Powered by Blogger.

Time Traveling Traffic

Throughout this week, I have been continuing work on the traffic speed visualization program I was previously working on. In my last blog post I had a visualization that showed traffic speeds on streets across Austin; Since then, I have added a few new features to the program, including:
  • Live display of traffic incident locations, such as crashes or roadwork, and highlighting links (roads) which are affected.
  • Live display of the driving trajectories of people using the Metropia app.
  • Option to move forward and back in time to view incident, user trajectory, and traffic speed data from different times of day.



In order to make my visualization tool easy to use, I have been working on developing a user interface so anyone who wants to use the visualization can just input the city and times they want to view. Because the data is visualized using QGIS, the GIS tool Metropia uses, I am making the UI by developing a QGIS plugin. QGIS offers plugins for it's users to provide additional tools in the software, such as generating contour lines on maps or performing Cad like functions. QGIS allows users to develop their own plugins using C++ or Python. Between these two, Python is much more commonly used (especially by beginners), so there is a lot more information online on developing Python plugins than C++ plugins. So, I as plugin beginner, I decided to go with Python, even though C++ is better. Unfortunately, the last time I coded in Python was with Udacity's "Intro to Computer Science" course about three years ago when I first started programming. So, I barely know the language, making the process of developing a tool with it a bit more challenging. Thankfully, Python is just English, which is a language I'm fairly familiar with.

In order to simplify the process of developing a plugin, I used a plugin for developing plugins called Plugin Builder, which created a plugin template for me to just fill in. Initially I created the UI using QtDesigner, which amazing because all I had to do was drag and drop pictures of text boxes and input fields. However my joy was short lived, because with QtDesiner, once the possible input options are determined, they can no longer be changed by the plugin. Metropia is constantly updating the traffic data, so new traffic predictions are constantly being made available. Thus, the times to select from need to be periodically changed automatically. So, I had to hard code it :(

As a result my current UI is horrifically ugly, but it does successfully accomplish it's basic purpose of communicating user inputs to my program that processes the traffic information for the visualization.
The text box is there because I forgot to delete it.
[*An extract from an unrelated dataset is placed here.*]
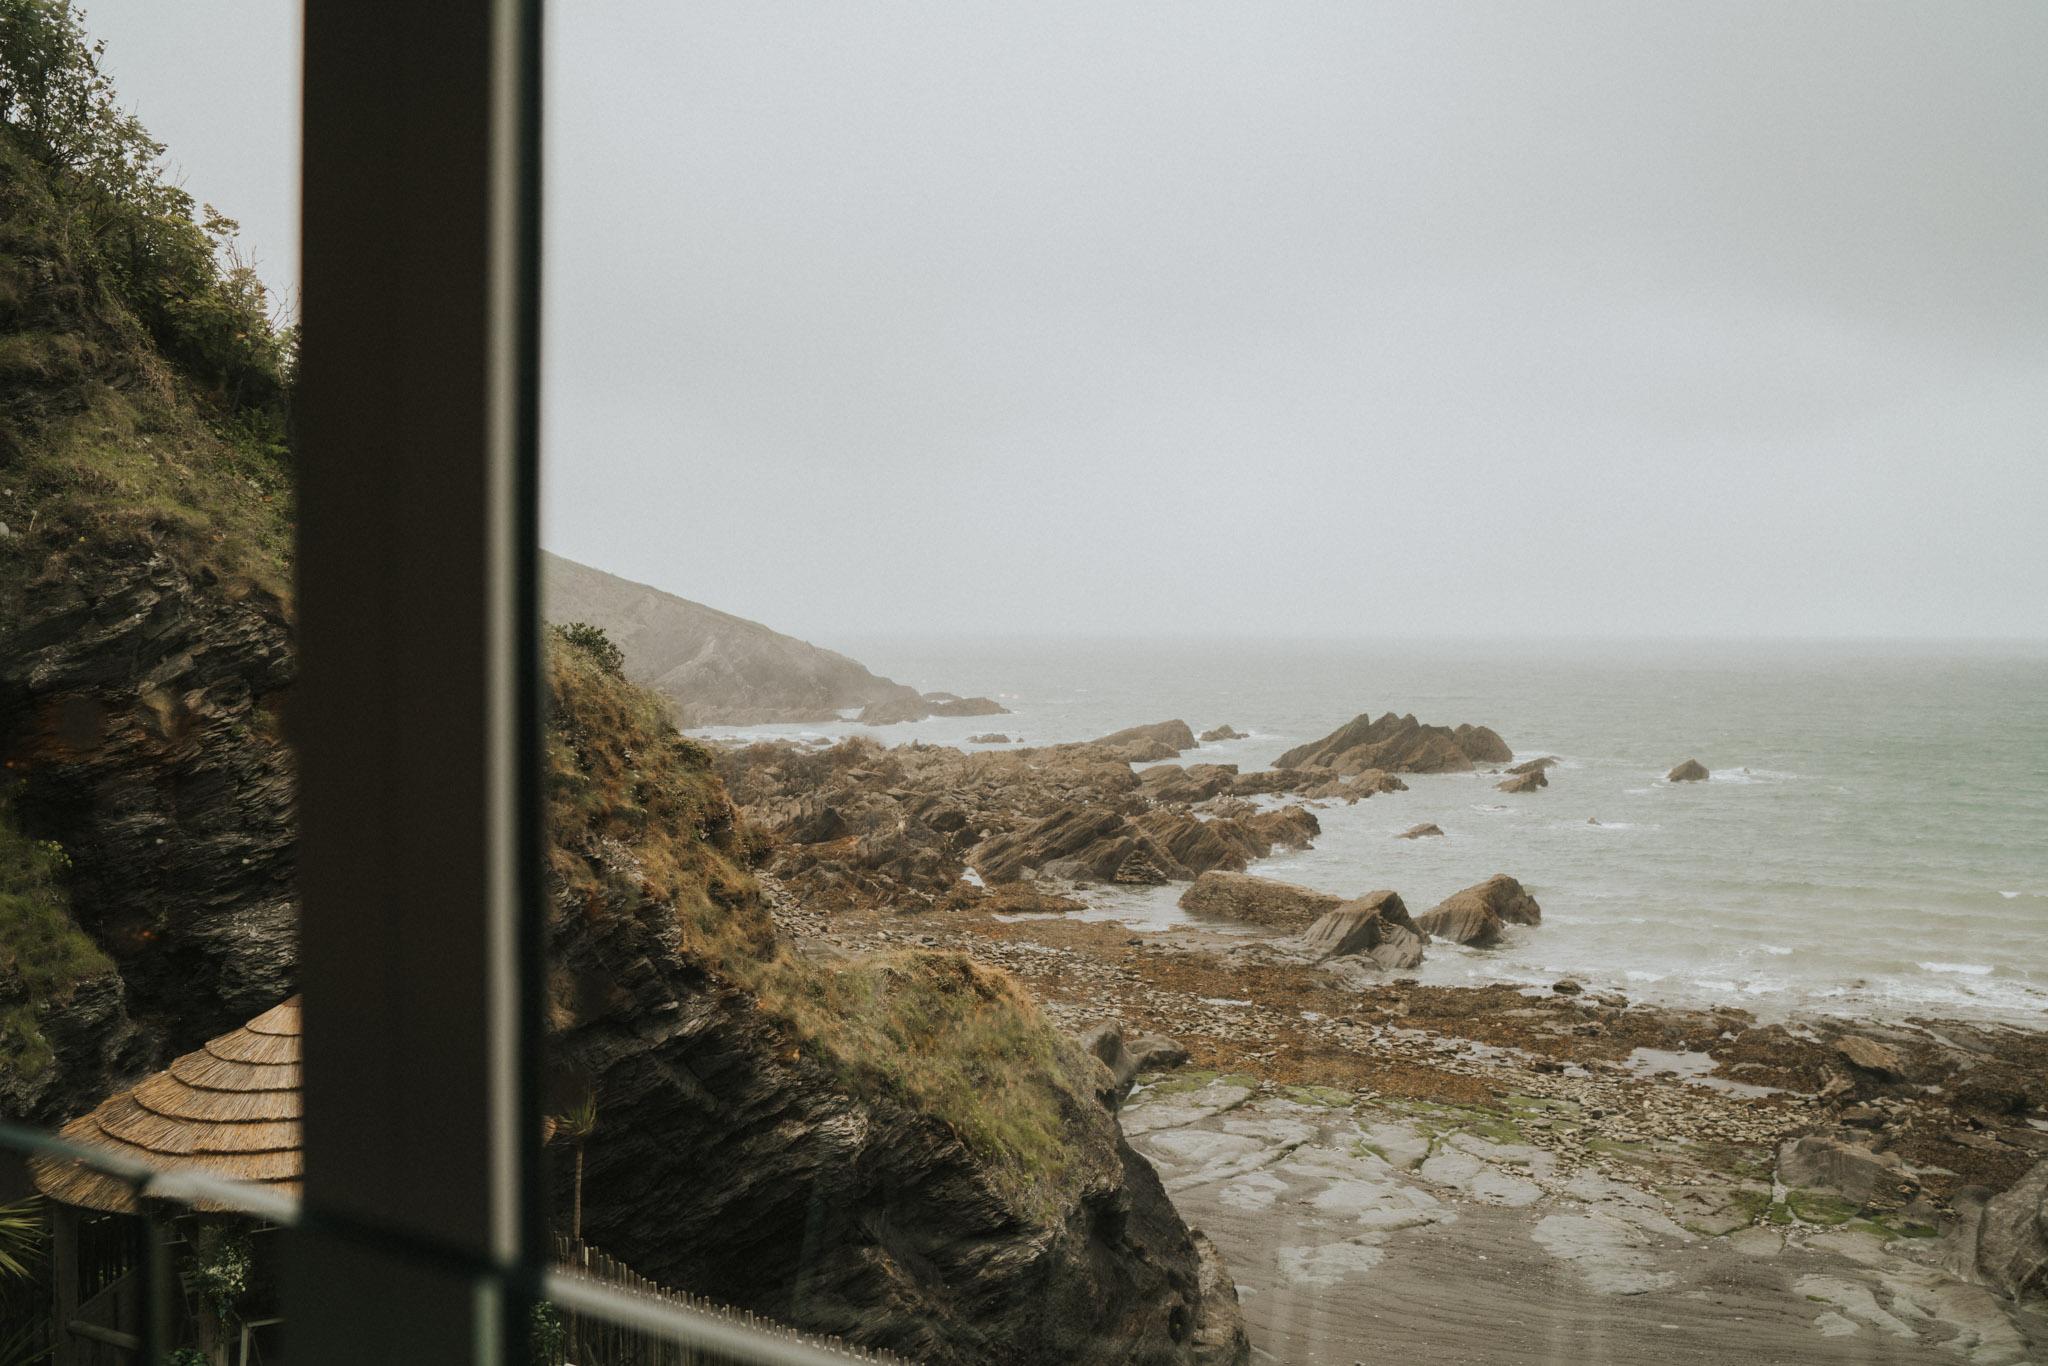 John-Amy-Tunnels-Beaches-Ilfracombe-Devon-Outdoor-Wedding-UK-Colchester-Essex-Alternative-Wedding-Photographer-Grace-Elizabeth (5 of 31).jpg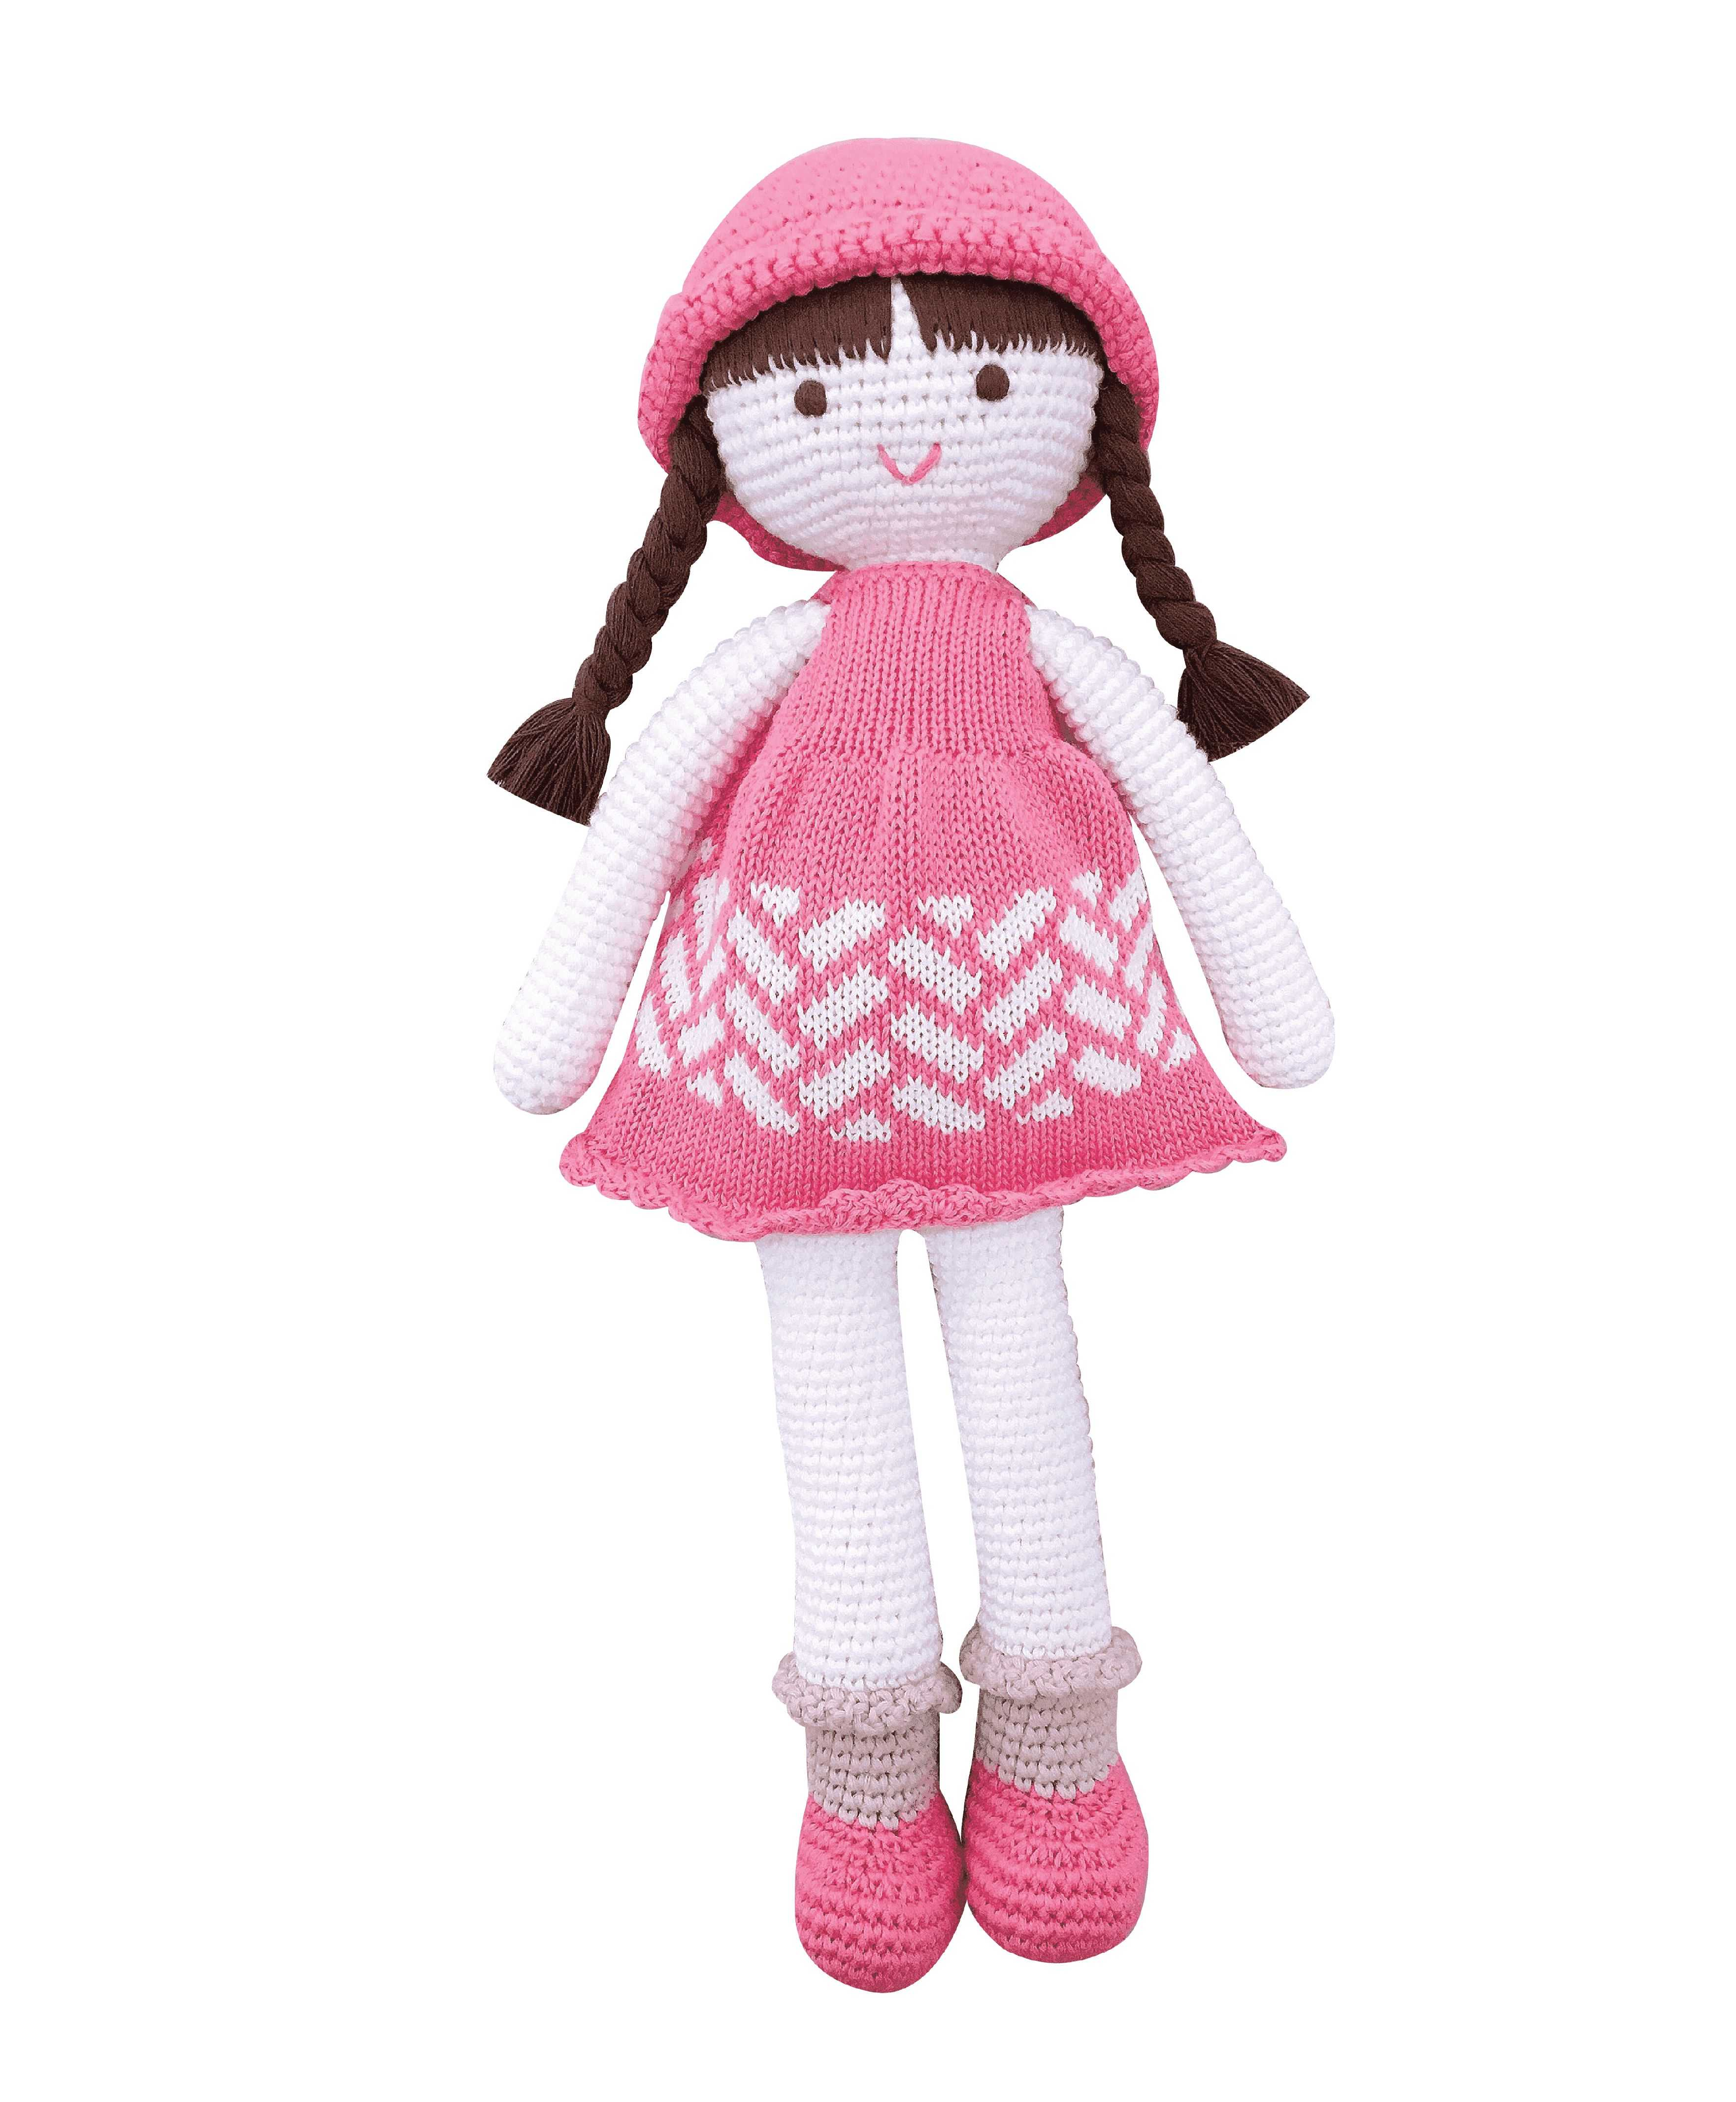 Vida Doll

At this point, my tool works in three parts:
  1. A QGIS plugin that has a UI that takes in user input.
  2. A Java program that pulls the user specified data (from the QGIS plugin UI) from the Metropia server, then processes the information for visualization.
  3. A QGIS script that re-loads the visualization every time there is an update in the data or user specifications.
Clearly this is an awful design, so my goal is to continue to develop the tool by re-writing most of my Java code into python so everything can be part of the QGIS plugin. Then, when a user opens up the QGIS plugin and enters their specifications, the QGIS plugin will do app the processing and visualization updates on its own without the help of outside programs. 


Accelerating Accelerometer Analysis

With the driving scores project, we have begun the first round of collecting data samples of different driving events. In order to create a program that identifies and assesses driving events, we first need to create a large dataset of examples of to teach our classifier (an algorithm or statistical model) to recognize different events such as turns or texting on the phone. Once we have a method of classifying events, we can calculate a driving score by penalizing phone usage or rewarding smooth turns.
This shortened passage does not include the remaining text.